Gdy się w progu ukazał Teodor, Łowczycowa, niespokojna z powodu przedłużonych odwiedzin nieznajomego, rzuciła nań okiem trwożném i zdziwiła się, widząc go tak dziwnie rozweselonym, jak oddawna nie był. W pierwszéj chwili wzięła mu to za złe i płochość.
Przyszedł całować jéj ręce, cały drżący.
— Niech się matusia nic nie pyta — rzekł — tylko mi wierzy, że — że mam nadzieję odzyskania Bożyszek.
Ten nieznajomy gość, o którym mi mówić wiele nie wolno, to prawdziwy anioł, z nieba zesłany!
Paklewska się przelękła. Jak osłabieni i chorzy zazwyczaj, dobrą nowinę przyjęła z trwogą. Uspokoił ją syn. Chciała dopytać coś więcéj; powtórzył jéj, że znalazł pomoc do odzyskania Bożyszek, a robota musiała do czasu być tajemnicą.
Gdy późniéj Teodor wyszedł, chwyciła za różaniec i z gorączkową pobożnością modlić się na intencyą syna zaczęła, modlić się i Bogu dziękować.
Szóstak, wróciwszy ze stajni, zkąd sam parobka wysłał do Choroszczy po swoich ludzi, gospodarza o to nie spytawszy, zamknął się z nim w jego pokoju na radę.
Z rozmaitych półsłówek Rotmistrza przekonywał się Paklewski, że cała ta sprawa była dziełem pięknéj Loli. Ona wujaszka przeciągnęła na swą stronę, ona przez niego wymogła na ojcu, że ludzi dać obiecał, ona w ostatku starego Szóstaka wypędziła do Borku, aby Teodora wyciągnął ztamtąd, i zmusił do działania. Rotmistrz był przez nią zupełnie zawojowany.

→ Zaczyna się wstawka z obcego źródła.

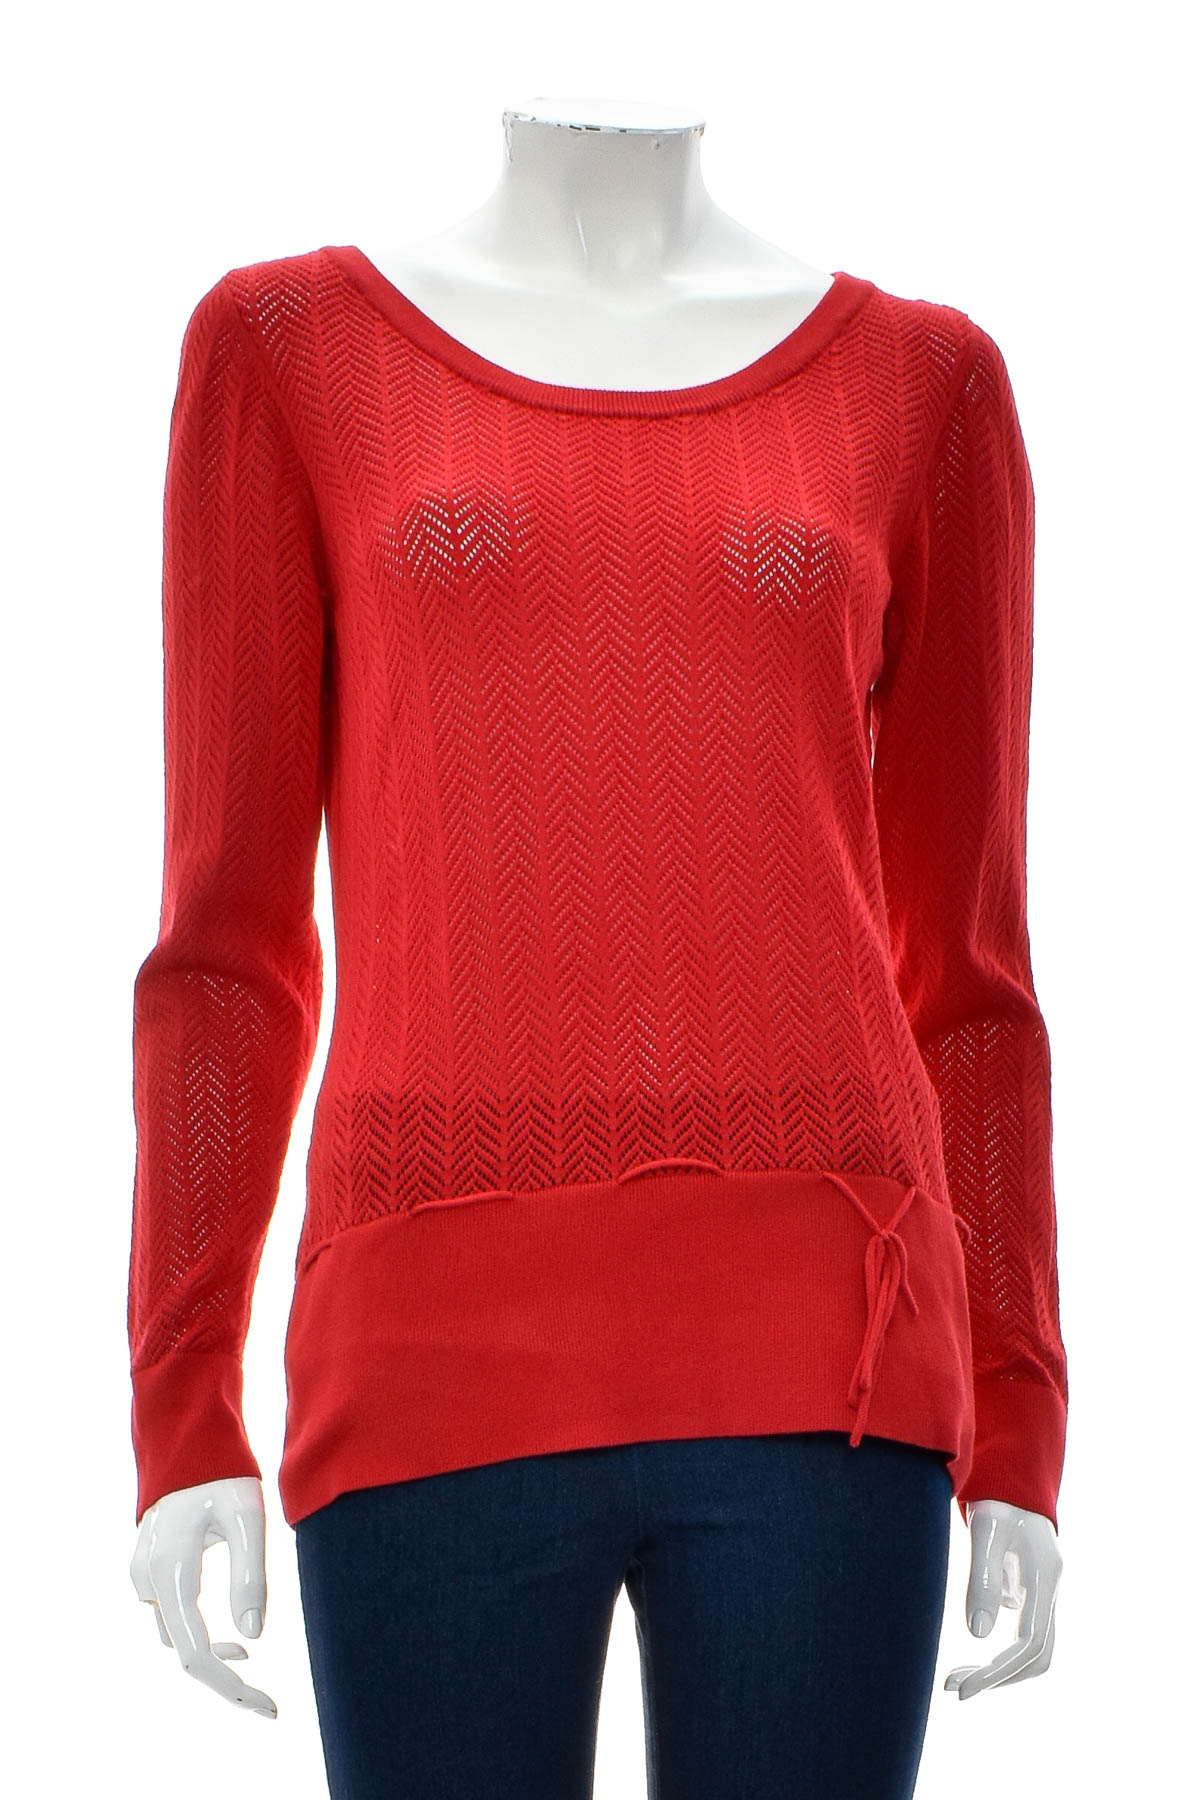 Women's sweater - Jbc - 0

Poczciwy człeczysko wziął to do serca tak, iż się nie wahał nawet dyssymulować tu przybywszy, i grać małą komedyą, co, prawda, nie długo trwało, ale go wiele kosztowało.
Stanęło na tém, iż razem z Rotmistrzem jechać miał do niego Teodor, do Przewałki, gdzie spiskowi powoli ściągać, jednać, zmawiać się ze szlachtą mieli.

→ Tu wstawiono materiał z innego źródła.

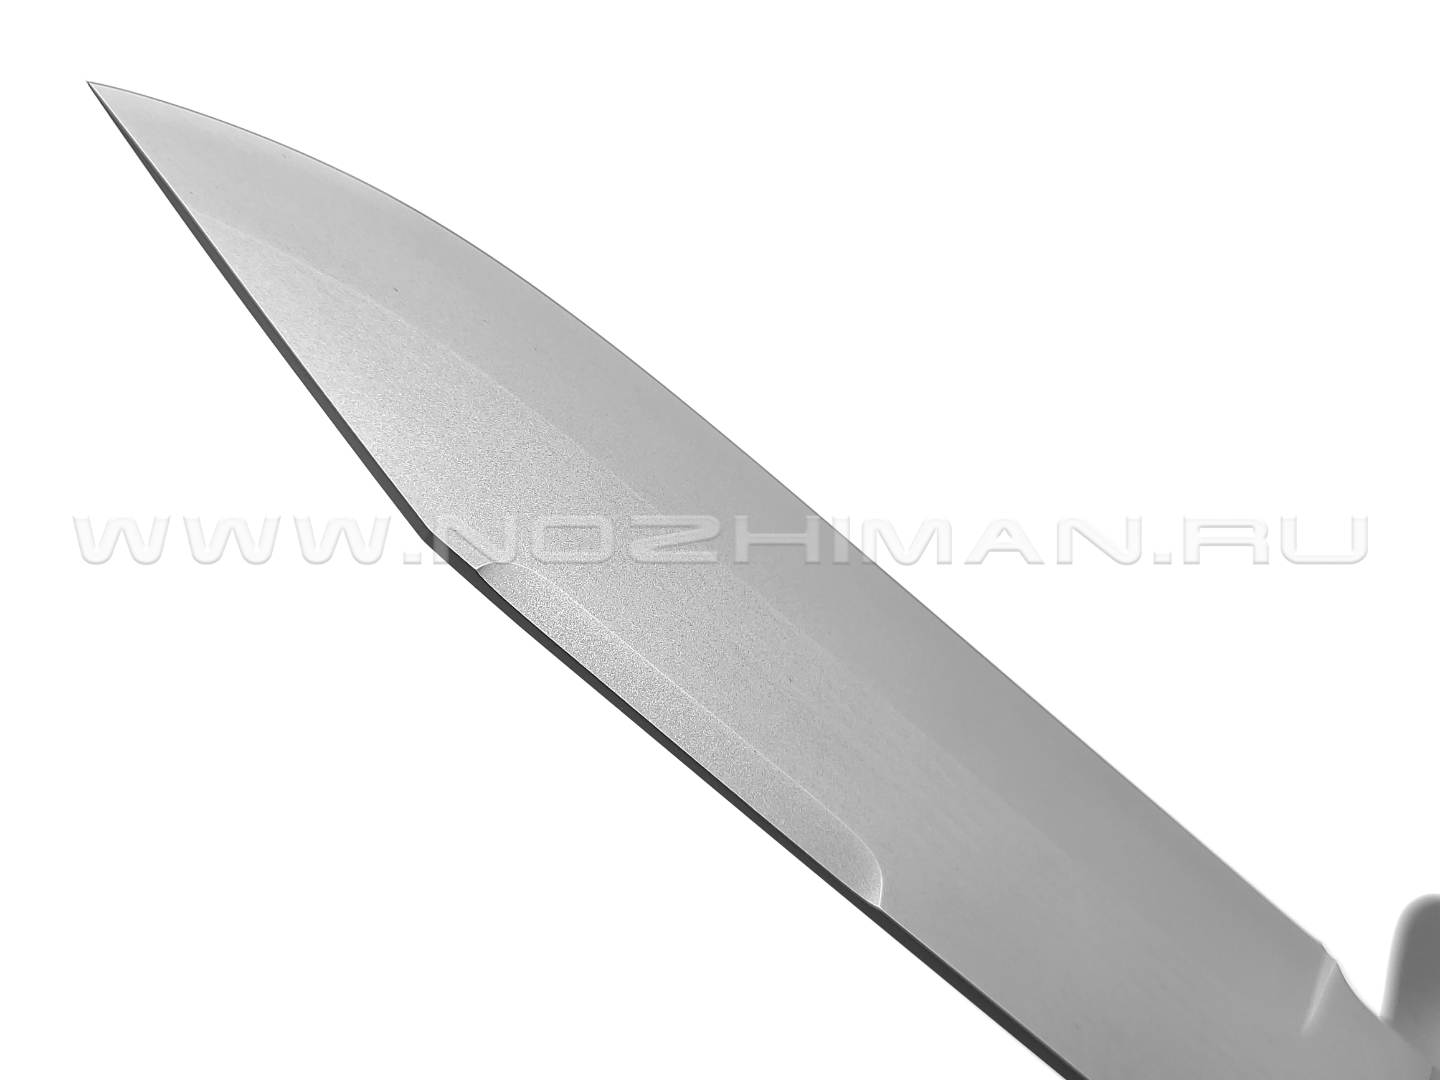 Saro нож НР-2000 сталь Х12МФ, рукоять резина

W Bożyszkach, jak Rotmistrz z pewnością utrzymywał, nie było więcéj nad dwudziestu ludzi, lichych coś samopałów, trochę zardzewiałych szabel i okutych kijów, z jednym moździerzem, który huknąć mógł, ale nikomu nie szkodził, chyba tym, co go zapalali.
Największa tam panować miała securitas i nieopatrzność. Oboje Podkomorstwo, ze starszymi dwoma synami i czeladzią, mieli się znajdować we dworze. Rotmistrz, dla uspokojenia Teodora, który się obawiał jakiego krwi przelewu, przysięgał, że Kunasewiczowie za pierwszym wystrzałem ujdą, a ludzie się trzymać nie będą, że co najwięcéj kilka guzów nabić się może...
Szóstak był tak swojego pewny, że mówić nawet nie dozwalał i zagadywał ciągle.
— Spuść się na mnie, ja już raz zajeżdżałem Rzeczycę sam, a drugi
Strona:Józef Ignacy Kraszewski - Grzechy hetmańskie.djvu/233
Ta strona została uwierzytelniona.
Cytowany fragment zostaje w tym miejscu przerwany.